2. **Cache Strategy Update**
- Start: Module uses default TTL.
- Transition: hub-level override applied in config.
- Result: Module receives override via dependency injection and persists it in module-local settings without affecting other hubs.
3. **Module Registration Lifecycle**
- Start: module package calls `Register` in its `init()`.
- Transition: duplicate key registration rejected; module must rename key or remove old registration.
- Result: `ModuleRegistry.Modules[key]` available during server bootstrap.

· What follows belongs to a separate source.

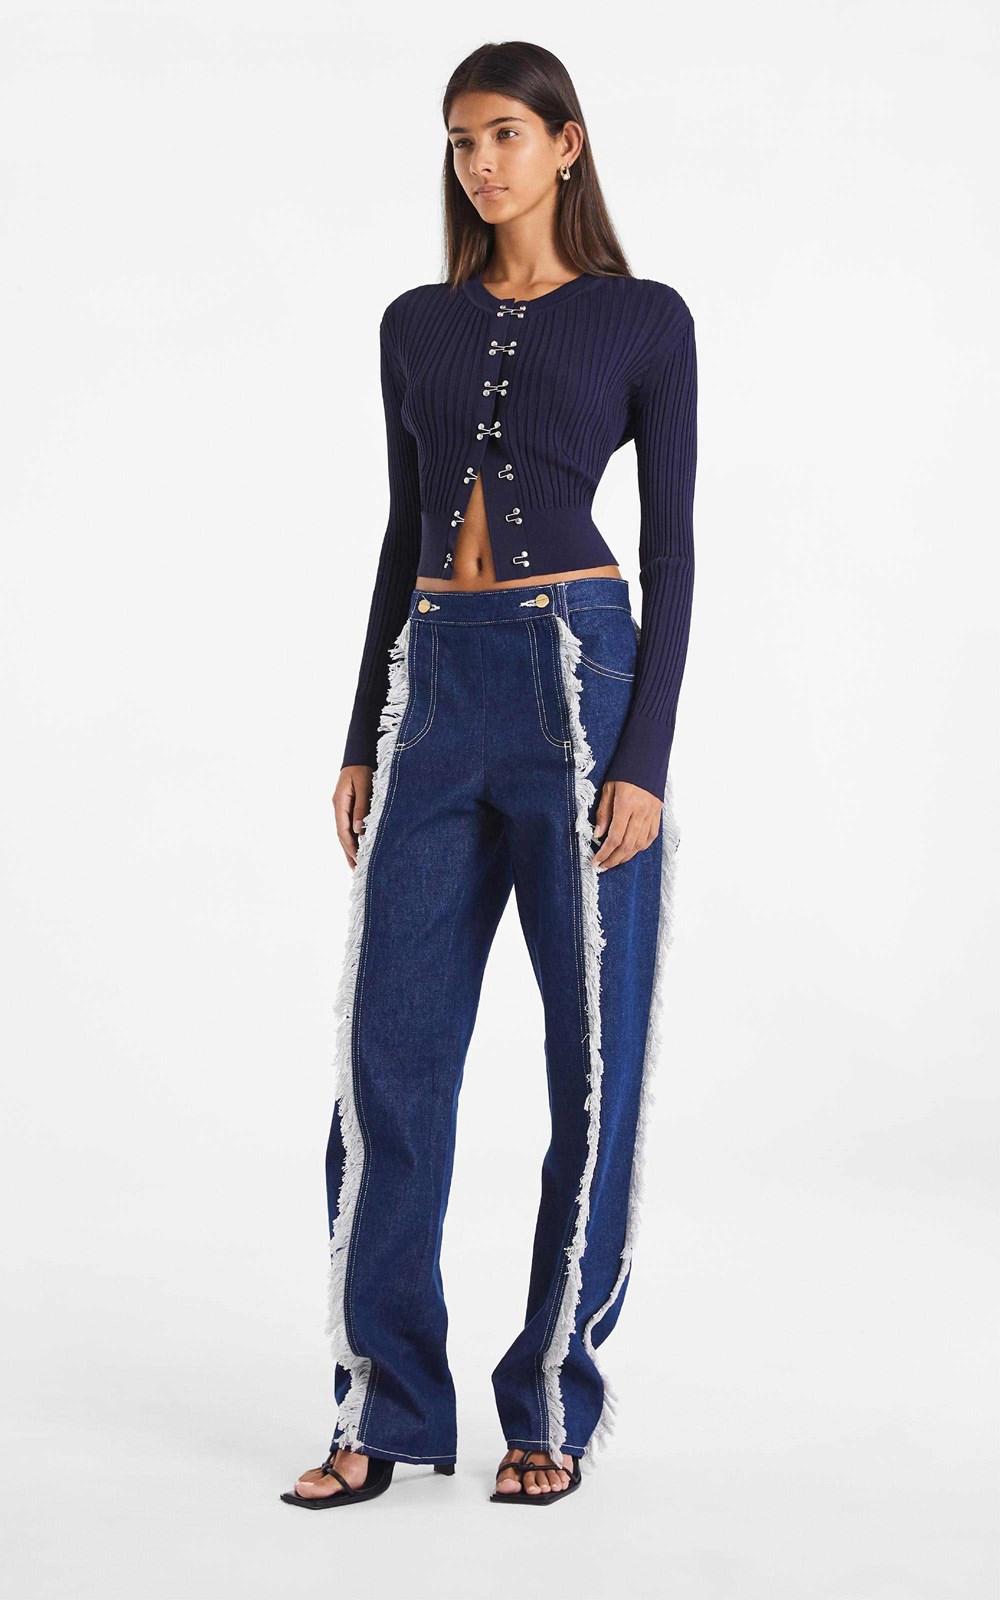 Knitwear | HOOK RIB CARDIGAN

## Data Volume & Scale Assumptions
- Module metadata count is small (<20) and loaded entirely in memory.
- Hub count typically <50 per binary, so per-hub module resolution happens at startup and is cached.
- Disk usage remains the dominant storage cost; metadata adds negligible overhead.
## Identity & Uniqueness Rules
- `HubConfigEntry.Name` and `ModuleMetadata.Key` must each be unique (case-insensitive) within a config/process.
- Module registry rejects duplicate keys to avoid ambiguous bindings.